Feasibility of genomic skimming on the ONT minION sequencer
The term genomic skimming was first coined by in 2012 by Straub et al. (2012)20 as a way to utilize shallow sequencing of gDNA to obtain relatively deeper coverage of high-copy portions of the genome, including mitogenomes. In combining genomic skimming with ONT long-read sequencing, we successfully reconstructed a complete marmoset mitogenome without the need for prior PCR enrichment, using standard molecular biology equipment, and a compact portable sequencer that connects to a laptop computer. Preparation of genetic material for ONT sequencing in this study took less than a full day, and sequencing reads were available within 48 hours. Although the coverage of our reconstructed ONT mitogenome was low-medium (9x) and one of the largest sources of error for the ONT reads were missing reads in long homopolymer runs, the ONT data showed a high degree of concordance with gold standard mtDNA Sanger sequencing reads for the same individual. Hence, this work along with a number of previous studies (e.g.,5,21), highlights ONT-based genomic skimming as holding great potential for enhancing mitogenomic and diversity studies of data-deficient and/or non-model organisms.
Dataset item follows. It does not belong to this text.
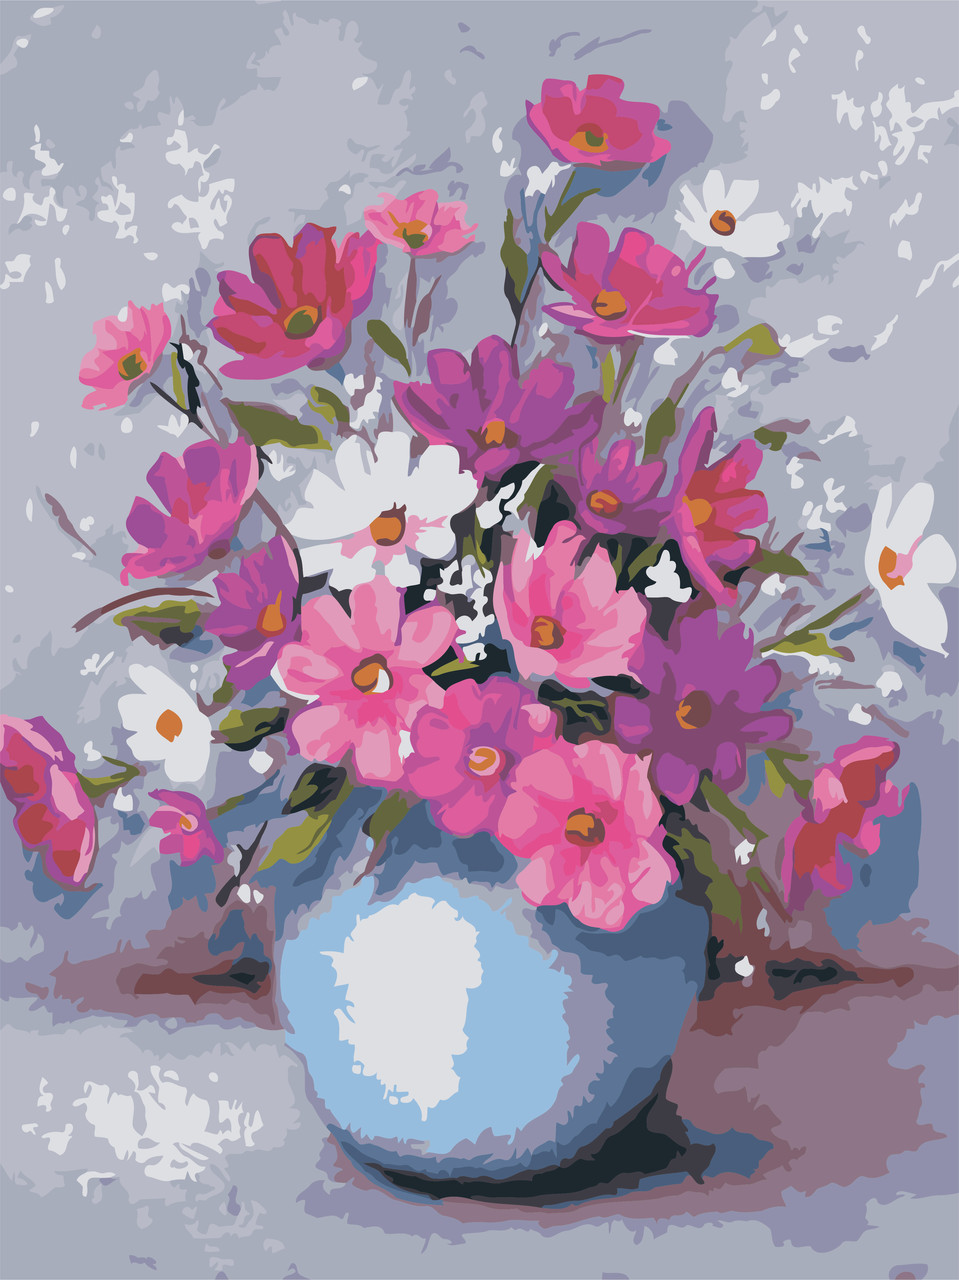 Рисование по номерам Цветы в вазе ArtStory AS0600 30 х 40 см (без коробки)

A major challenge in ONT sequencing is the relatively high sequencing error (5%-15%), but the application of computational polishing significantly reduces errors of raw ONT data (e.g.22). Another challenge with ONT methodologies is the large amount of input DNA needed for sequencing relative to other types of methods, particularly PCR and Sanger sequencing. Multiplexing samples onto the same flow cell is one way to reduce the required amount of per sample DNA, and currently ONT chemistry allows for up to 24 individual gDNA samples to be multiplex per flow cell. Another option to improve mitogenome coverage from genome skimming shotgun data, especially for sensitive applications is to use sample preparation approaches that specifically enrich for mtDNA (e.g., https://www.protocols.io/view/isolation-of-high-quality-highly-enriched-mitochon-mycc7sw).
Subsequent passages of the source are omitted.